The more complicated the palette of consumer choice becomes for electronics--and it is inevitable that it will--the more the opportunity opens for brick and mortar retailers like Best Buy to dominate significant segments of the consumer electronics markets, broadly defined.


Wednesday, November 20, 2013

Best Buy's Encouraging Third Quarter

Best Buy's stock trading at $43.58 crashed down to a low of $38.58 before rebounding today.  The price at the higher level was more inflated than the Hindenburg, and I'm sure that most technicians say that a pullback was both warranted and healthy for the longer-term.

Again, it's very funny to see the analyst at Credit Suisse who couldn't like the stock at $12 reiterating a Buy, with the undocumented suggestion of $5.00 per share in earnings power.  The only things missing are when, why and how?

Management's presentation wasn't as polished as in the past.  I know that the executive team are trying their best to give analysts what they want, in what they perceive as their own language. Management always does best when it speaks in their own natural language, expressing who they are and how they think.

The somewhat arbitrary logic of the points presented by the CEO, and the rapid fire basis point differentials between the next quarter and the present quarter for key ratios was hard to follow on the call.  For the CFO to then state that the company was not giving guidance may have been technically correct, but it was also confusing.  Analysts should then make their own revenue projections, plug them in, and then check their margin percentages to make sure the changes fit those given, I guess.  Over time, I hope that they come back to the simpler, clearer, more measured approach that characterized Hubert Joly's first presentation that really calmed the roiling seas when he took over as CEO.

Third quarter fiscal 2014 revenues of $9.4 billion declined 0.2% y/y, due to the effect of store closings in the interim period from the prior year quarter, and softness in international sales, particularly Canada and China. Non-GAAP EPS of $0.18 versus $0.04 was better than expected. Domestic revenues of $7.8 billion increased by 2.3% y/y, which was good news, driven by a domestic same-store sales increase of 1.7%.  So, the streak of declining same-store sales has been broken ahead of the holidays, which seemed like a litmus test for shareholders to believe in the story beyond cost cutting.

Domestic online sales increased 15% over the prior-year period.  So much for show rooming and Amazon. The CFO mentioned the strength of domestic pre-orders for new video game systems and software.  Most of this revenue will be recorded in the fourth quarter of fiscal 2014.  Were these orders recorded as revenue in the current quarter, domestic online sales would have increased over 20%.  New product introductions have always been critical for specialty retailers like Best Buy.
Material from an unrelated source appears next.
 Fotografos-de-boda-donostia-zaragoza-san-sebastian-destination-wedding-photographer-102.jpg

The Renew Blue cost savings programs appear to be on track faster than expectations and faster than those of other mega-cap companies I've followed over the years.  This speaks to the acuity of the current team, and it raises the question of what on earth was going on before they arrived?
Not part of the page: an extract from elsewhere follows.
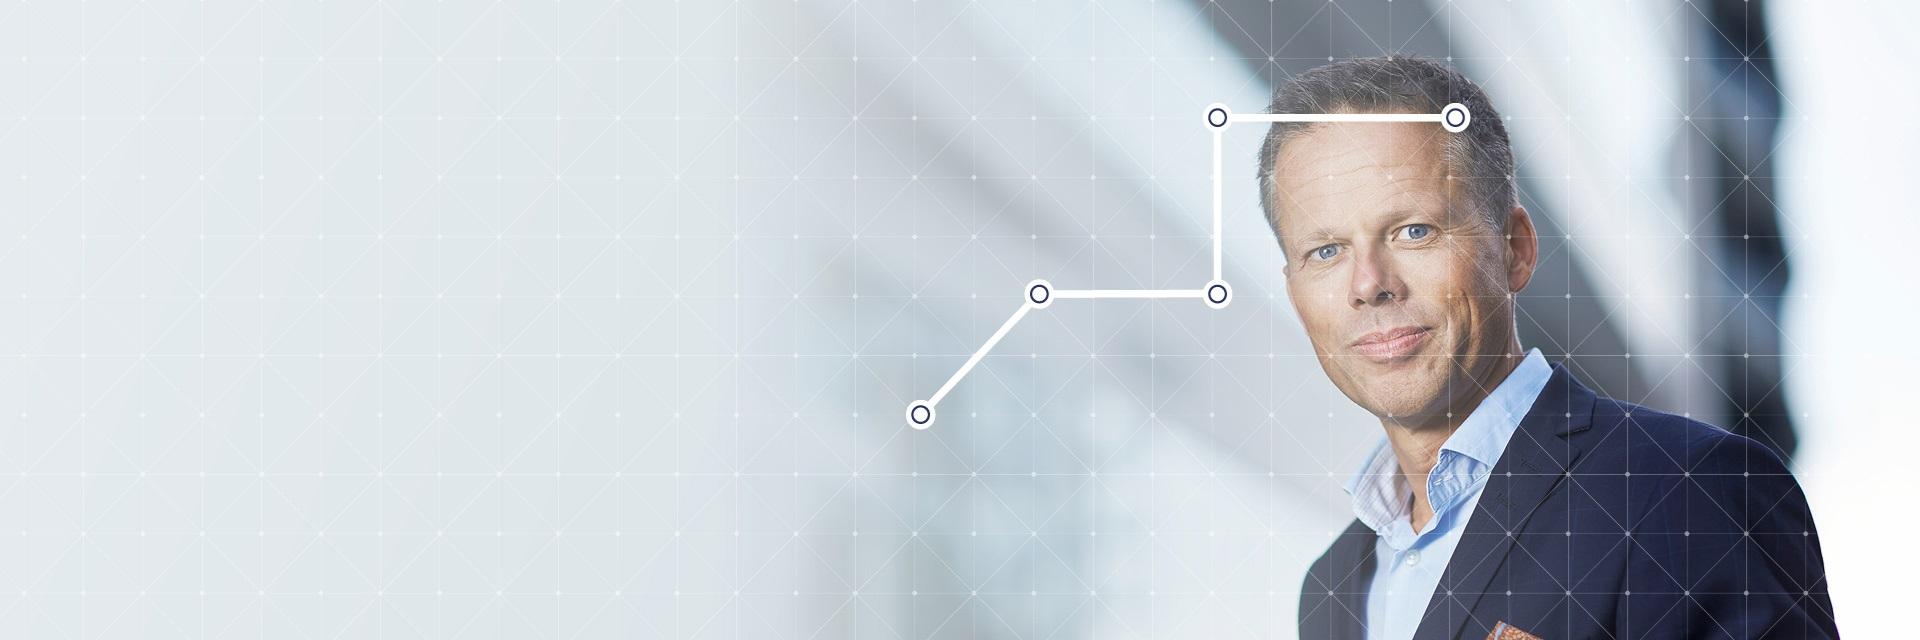 Customer-IQ_Experts-panel_Handelsbanken_Hero.jpg

In our post of November 16, 2012, we wrote,
"They are shown to have one of the largest customer loyalty data bases in the industry, but it isn't an effective program, especially for inducing activity among inactive customers.  Office Depot, for example, has a better program that requires no customer effort to update and use. This can be easily fixed. 
Best Buy's website looked like something from the 1970s, and the navigation and functionality were primitive.  It looks a lot better since Mr. Joly has come on board, and it can do much, much better.  Despite this, the company drew 1 billion online visitors and generated $2.3 billion in sales from the online channel. 
For all the talk about "low hanging" fruit, some of the fruit, like the operations at Best Buy Canada, is lying on the ground. The cultural and organizational issues, which are much more subtle, can yield a lot, but they will take time."
We've talked about Best Buy's having lost touch with their customers over the years.  Much of what we found the most encouraging about the CEO's introductory remarks didn't have a lot of numbers attached, but it was clear why he was talking explicitly about these issues.  The company now sees customers interacting with the company in very personalized ways.  For example, like most customers, we do extensive price and product research online before visiting a Best Buy or before visiting Best Buy online. The customer might order online, come into the store to purchase, or purchase online but come into the store for merchandise pickup.  These might be different customers shopping in different ways, or it might be the same customer shopping in different ways for specific types of merchandise.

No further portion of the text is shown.